Restore the matrix-sdk security defaults (TLS 1.2 minimum, matrix-rust-sdk
user agent) that were lost when build_client switched from .proxy(url) to
.http_client(custom). Make the same policy reach every HTTP call site —
session restore, media download, homeserver discovery, SSO pre-build, the
TSP worker, and the updater check — so GUI state can't drift from what
sliding sync actually uses.

Plumb a CLI --proxy override stash through proxy_config::CLI_PROXY_OVERRIDE
so restore_session and DownloadAndSaveFile honor it the same way build_client
does, instead of silently dropping it.

Invalidate the DEFAULT_SSO_CLIENT cache when its baked-in proxy no longer
matches the current effective proxy — previously, clearing the proxy after
boot left the cached client routing SSO through the deleted proxy.

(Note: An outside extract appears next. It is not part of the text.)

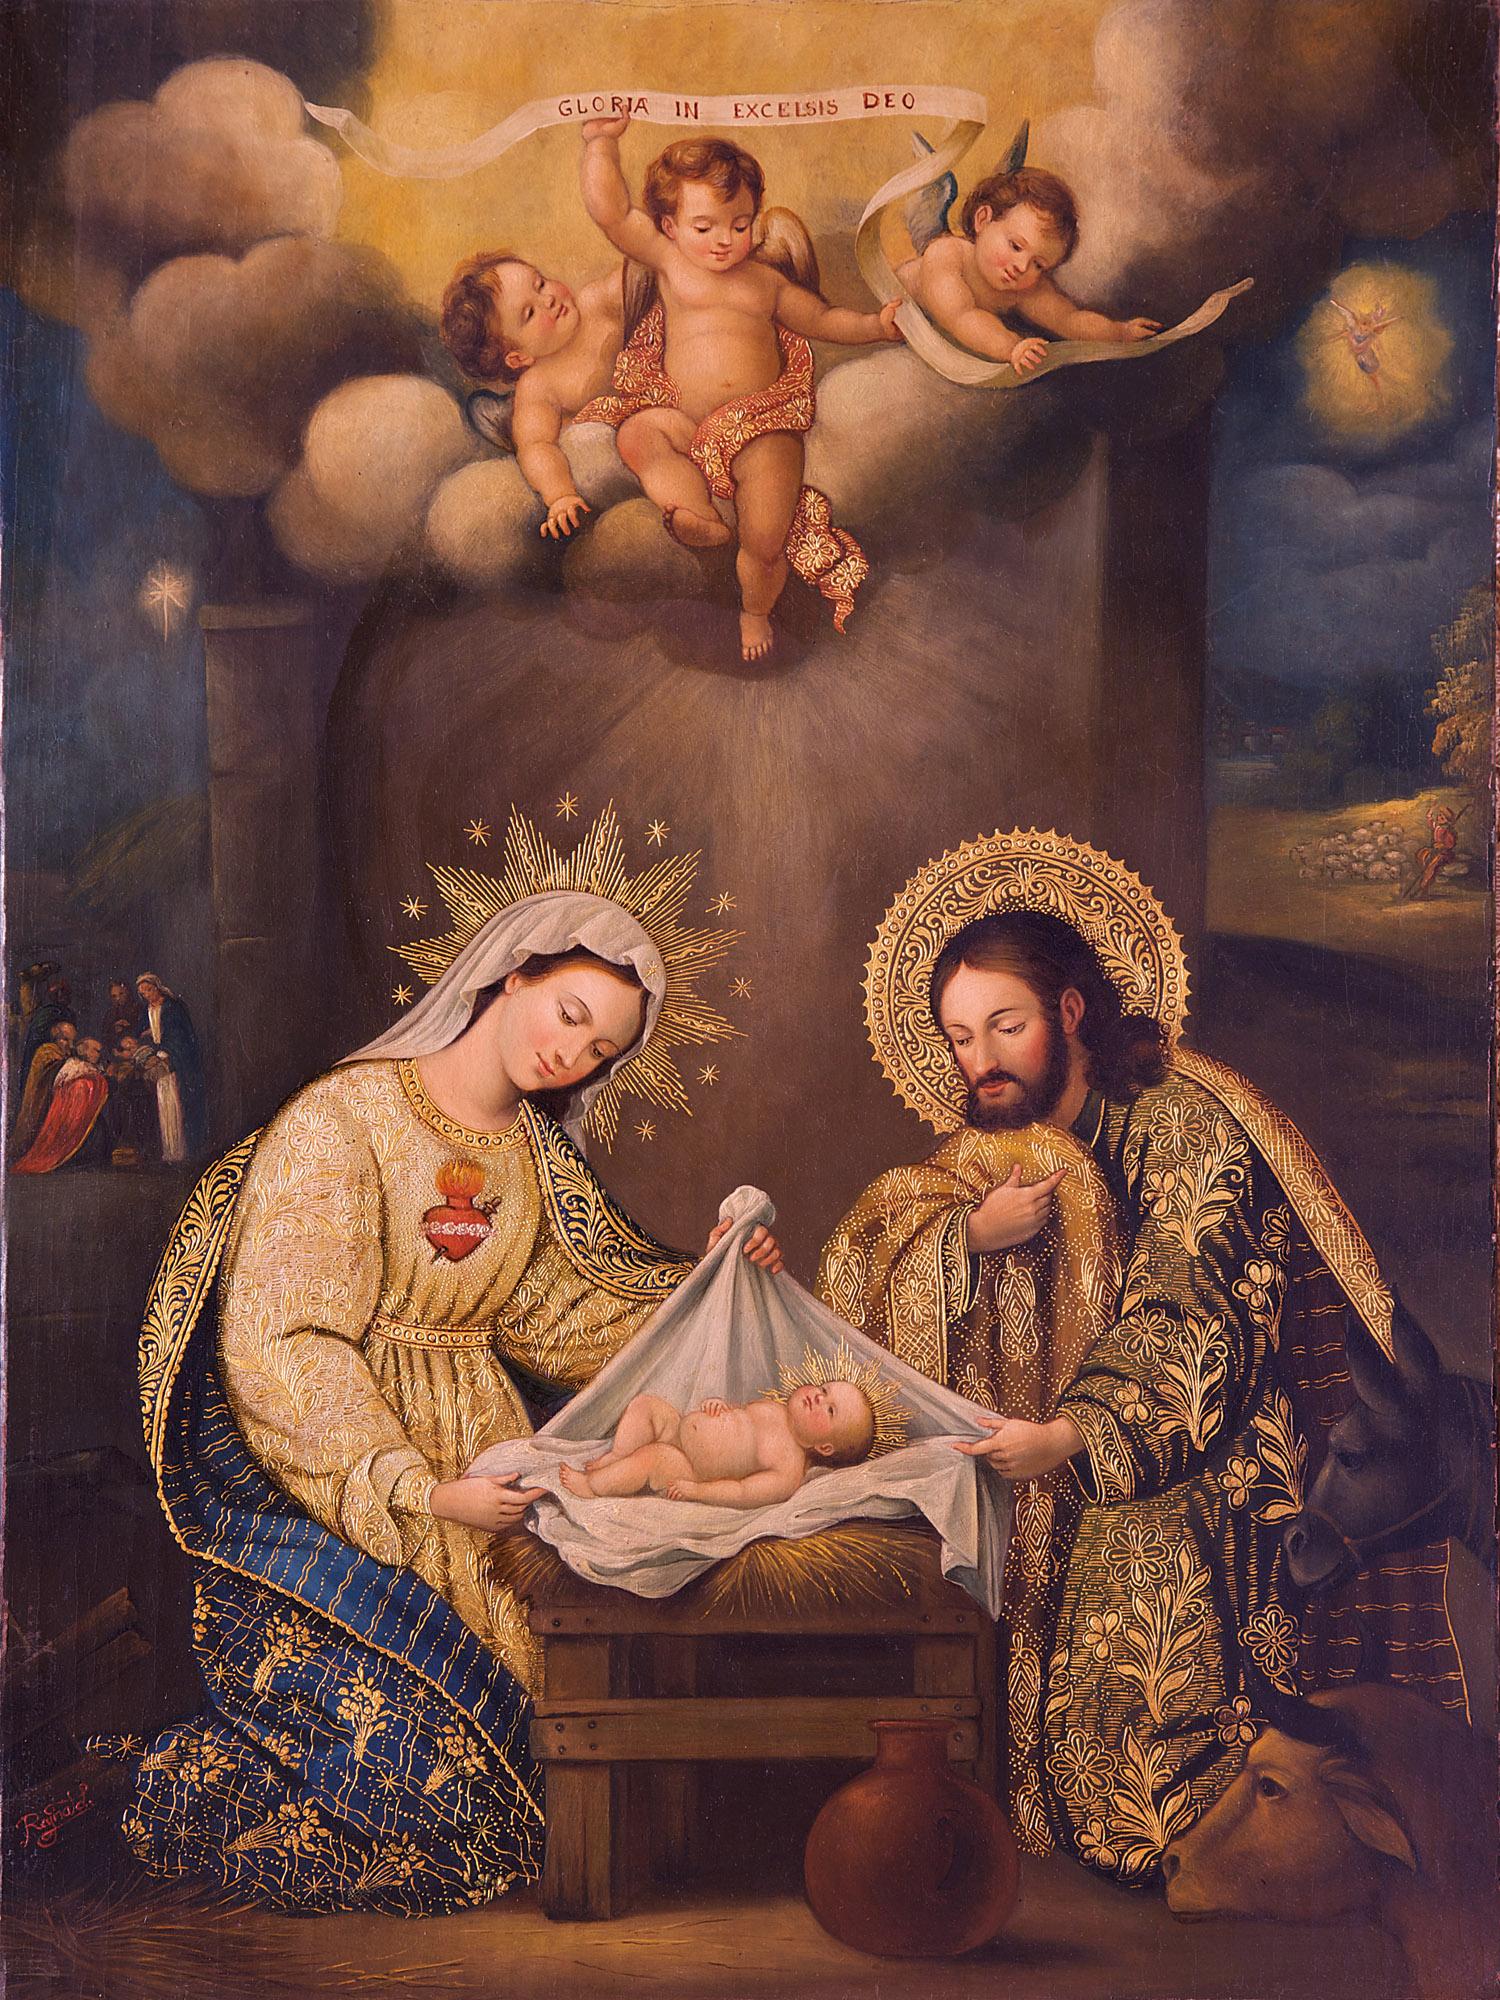 Imagenes Sagrada Familia Navidad.La Sagrada Familia Vivia Sujeto A Ellos Mvc

Drop socks5/socks5h from validate_proxy_url: reqwest is not compiled with
the socks feature, so accepting them in the GUI just promises connectivity
the runtime can't deliver. http/https only until the feature is enabled.

Harden save_proxy_url: hold the env lock across the file write so two
concurrent saves cannot leave proxy_state.json and the process env
disagreeing, and recover the lock automatically when a prior panic poisoned
it instead of permanently disabling proxy management.

Match build_client's 60s reqwest timeout in restore_session so restored
sessions don't hang indefinitely on a slow CONNECT/TLS phase.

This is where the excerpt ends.